FIG. 6 is an optical picture of a graphene tape according to an embodiment of the present invention;

FIGS. 7(a) and (b) are optical pictures of the nanocomposite film on (a) rigid and (b) flexible substrates after fabrication and application of the graphene tape according to two different embodiments of the current invention; and

FIGS. 8(a) and (b) are respectively, an optical picture of a graphene layer after application of a graphene tape according to one of the embodiments of the present invention and the statistical analysis on the continuity of the graphene layer.

DETAILED DESCRIPTION OF THE PREFERRED EMBODIMENTS

Structure of the Tape

FIG. 1 shows a basic structure of the graphene tape according to any embodiment of the present invention.

In its basic form, there is provided a graphene tape (10) having a support layer (11) and a nanocomposite layer (15) formed on the support layer (11). The nanocomposite layer (15) itself includes a thin film layer (6) and a graphene layer (8). From FIG. 1, it can be seen that the thin film layer (6) is disposed between the support layer (11) and the graphene layer (8), i.e. it separates the support layer (11) and the graphene layer (8). The support layer (11) may be any support foil that provides the necessary mechanical support for the nanocomposite layer (15).

Hereon and unless otherwise stated, the terms surface or device surface will both refer to the target surface the graphene tape is to be applied to.

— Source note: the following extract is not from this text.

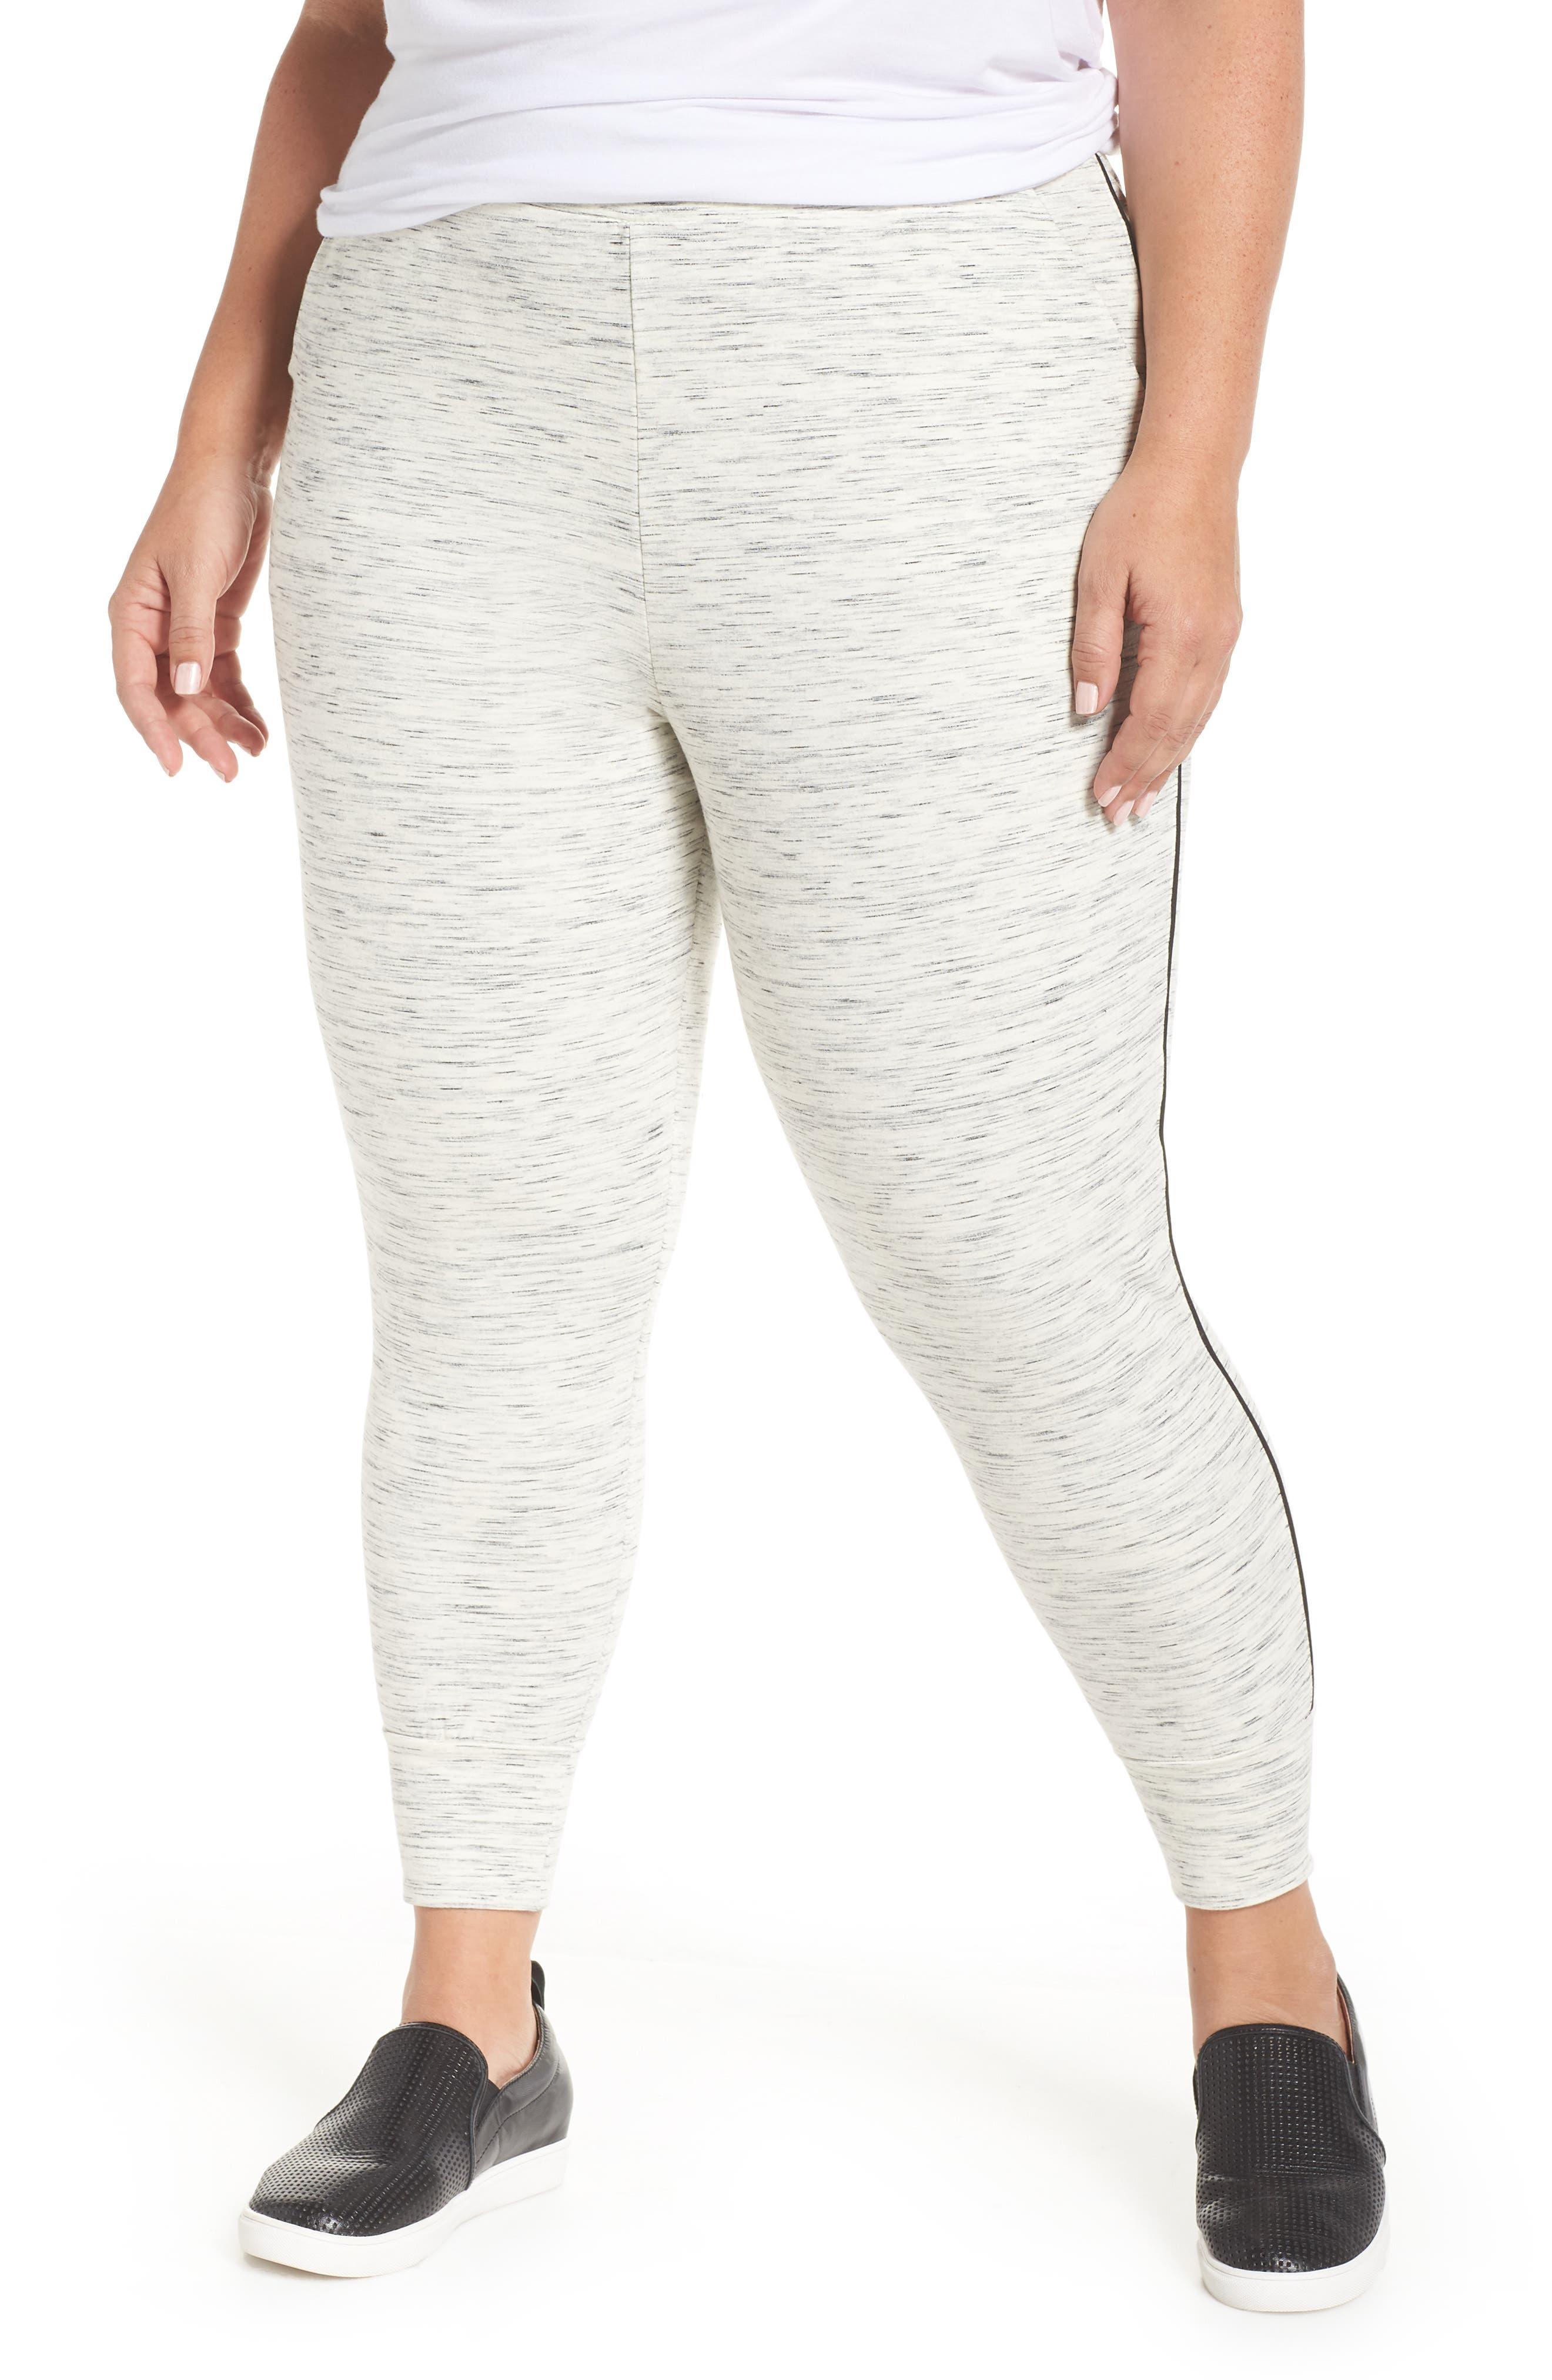 TART Catie Pants in Ivory Grey Space Dye

The present invention relates to the use of a graphene layer in the manufacture of a graphene tape. The graphene layer may be continuous, transparent and/or one atom thick. By “graphene layer”, it is meant a layer containing graphene. Graphene is a 2D sp2-hybridized carbon sheet with one-atom thickness that absorbs 2.3% of the in the optical spectrum. Because of its unique structure and special properties, graphene has attracted increasing attention in recent years. Its high theoretical surface area (2630 m²g⁻¹), chemically stability and high electrical conductivity make it an attractive material for applications in nanoelectronics, optoelectronics, energy-storage systems and chemical sensors.

Further, the term “graphene” includes any graphitic carbon material such as, but not limited to, single layer graphene and multilayer graphene (up to 100 layers) single-wall and multi-walled carbon nanotubes and their composites, including any modifications and/or functionalisations. Hereon and unless otherwise stated, graphene will also apply to any other 2D-like nanomaterial in any of their structures or arrangements, such as molybdenum disulphide or black phosphorus.

By “thin film layer”, it is meant to include any structural material that may support the graphene layer and add functionality to the graphene. Examples of functionality include doping the graphene, protecting the graphene and providing biodegradable characteristics to the graphene.

Further, in a preferred embodiment, the thin film layer (6) is non-sacrificial. As such, any reference made to the thin film layer of the present invention includes a reference to a non-sacrificial thin film layer. The non-sacrificial thin film layer results in an improved or added functionality of the graphene tape. By “non-sacrificial”, it is meant that the thin film is not a layer that is only to be deposited to assist in the fabrication and application of the graphene layer and is later to be removed, but that it is to remain together with the graphene layer after application of the tape, to a target surface. Partial post-patterning of the thin film, different from removal, may be required for post-patterning of a graphene device. As such, the nanocomposite layer (15) includes both a graphene layer (8) and a non-sacrificial thin film layer (6). The nanocomposite layer (15) may comprise graphene or functionalised or modified graphene attached to the non-sacrificial thin film layer. In an embodiment of the present invention, the non-sacrificial thin film layer may be a polymer. By “polymer”, it is meant to refer to any large molecule or macromolecule structure that is made up of many repeated subunits. Alternatively, the polymer layer may not be a polymer but any non-sacrificial thin film material that will give mechanical stability to the nanocomposite layer and that could result in providing attractive properties to the graphene layer. Examples of possible non-sacrificial thin films, but not limited to this list, are polymethyl methacrylate (PMMA), polyvinylidene fluoride (PVDF) and its copolymers; poly(3-hexylthiophene) (P3HT) or polylactide (PLA).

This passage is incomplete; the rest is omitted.